Over the last decades, urbanization has been increasing globally, with the majority of humans (55%) now living in urban areas (United Nations, 2019). This leads to large‐scale modifications of natural habitats (Batáry et al., 2018), with negative impacts on some wildlife and native biodiversity (McKinney, 2008; Peterson et al., 2007). However, urban habitats also provide new opportunities for many species, for example due to the heterogeneity of the habitat and the increased availability of food, such as via bird feeders (McKinney, 2008). Birds living in urban habitats are faced with near‐continuous anthropogenic disturbance, through pedestrian or vehicular traffic, artificial lights, and the increased noise level (Lowry et al., 2013). However, urban environments can also have positive effects on avian wildlife, in particular due to supplementary feeding, the generally higher abundance of food sources and higher temperatures in winter (Amrhein, 2013; Murray Mitchell, 1961; Tratalos et al., 2007). There are many species which seem to thrive well in urban environments, often occurring in large numbers (Lowry et al., 2013; Sol et al., 2013). For example, house sparrows (Passer domesticus) mainly occur in urban areas (Carrete & Tella, 2011; De Laet & Summers‐Smith, 2007) and some species that used to live exclusively in natural habitats such as European blackbirds (Turdus merula; Luniak et al., 1990) or American crows (Corvus brachyrhynchos; Withey & Marzluff, 2005) have since colonized cities.
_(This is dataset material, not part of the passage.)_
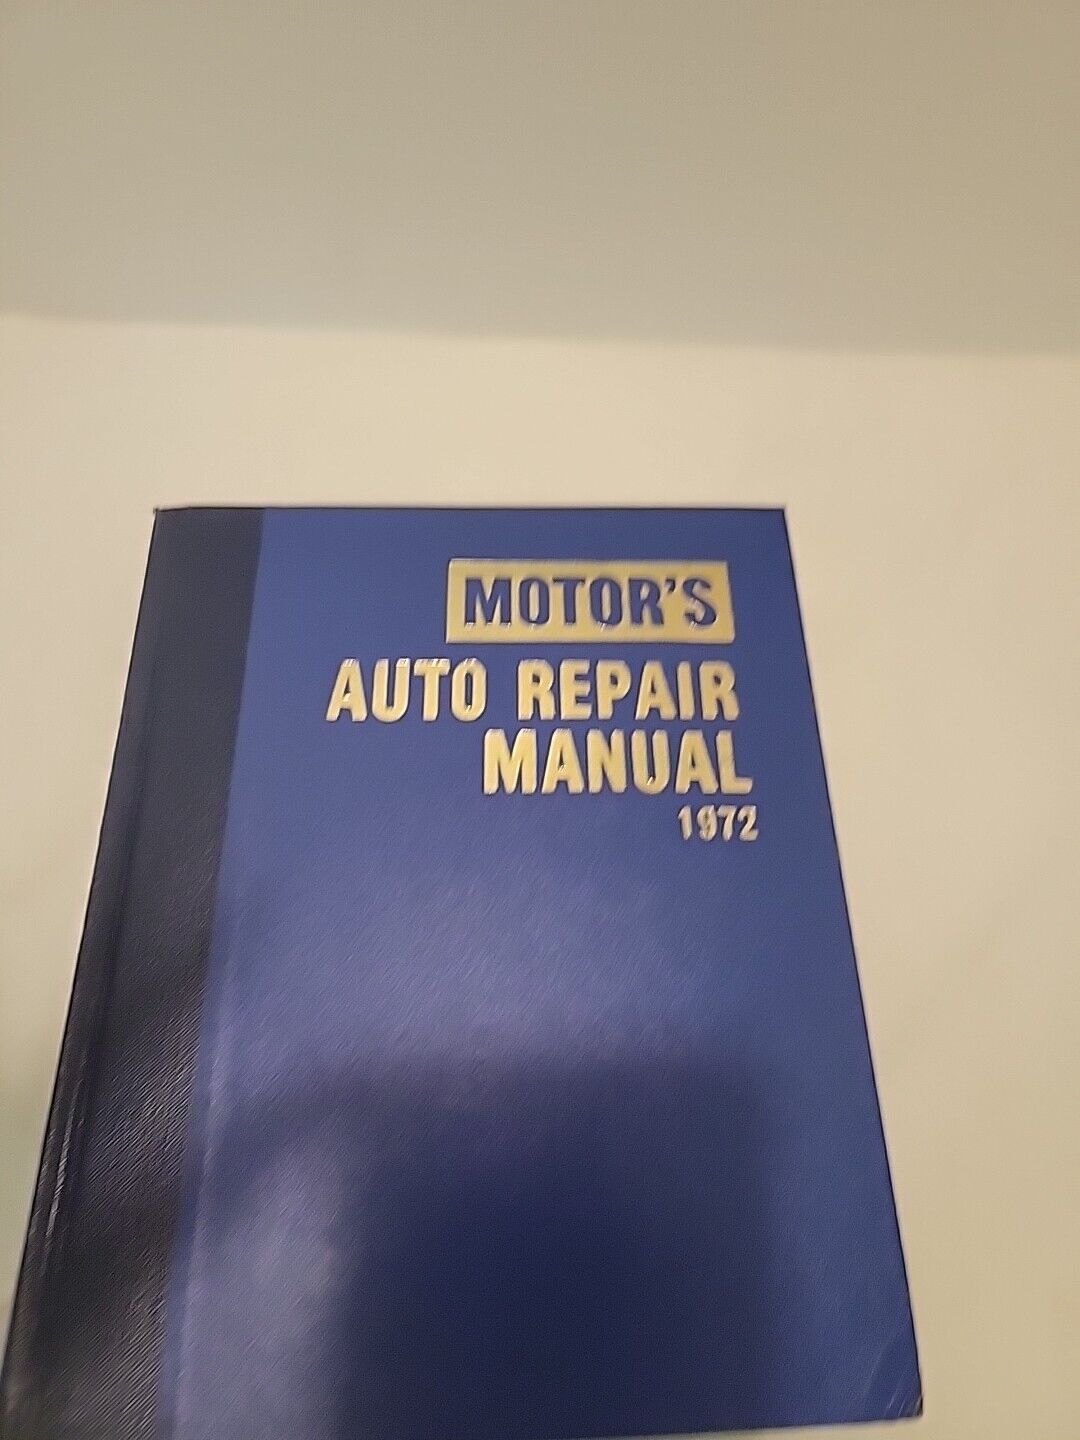 Vintage Motor's Auto Repair Manual 1972 35th Edition 1st Printing Hardcover

A higher tolerance toward anthropogenic disturbance is necessary for colonizing and living in urban habitats (Møller, 2009). Different environmental conditions may foster different phenotypes based on the same genotype, which is called phenotypic plasticity (Kelly et al., 2012). This is often reflected through behavioral flexibility (i.e., the ability to adapt a behavior to the environment), such as a bird's reaction to fear and thus its tolerance toward disturbance (Sol et al., 2002, 2013; Sol & Lefebvre, 2000; Thibert‐Plante & Hendry, 2011).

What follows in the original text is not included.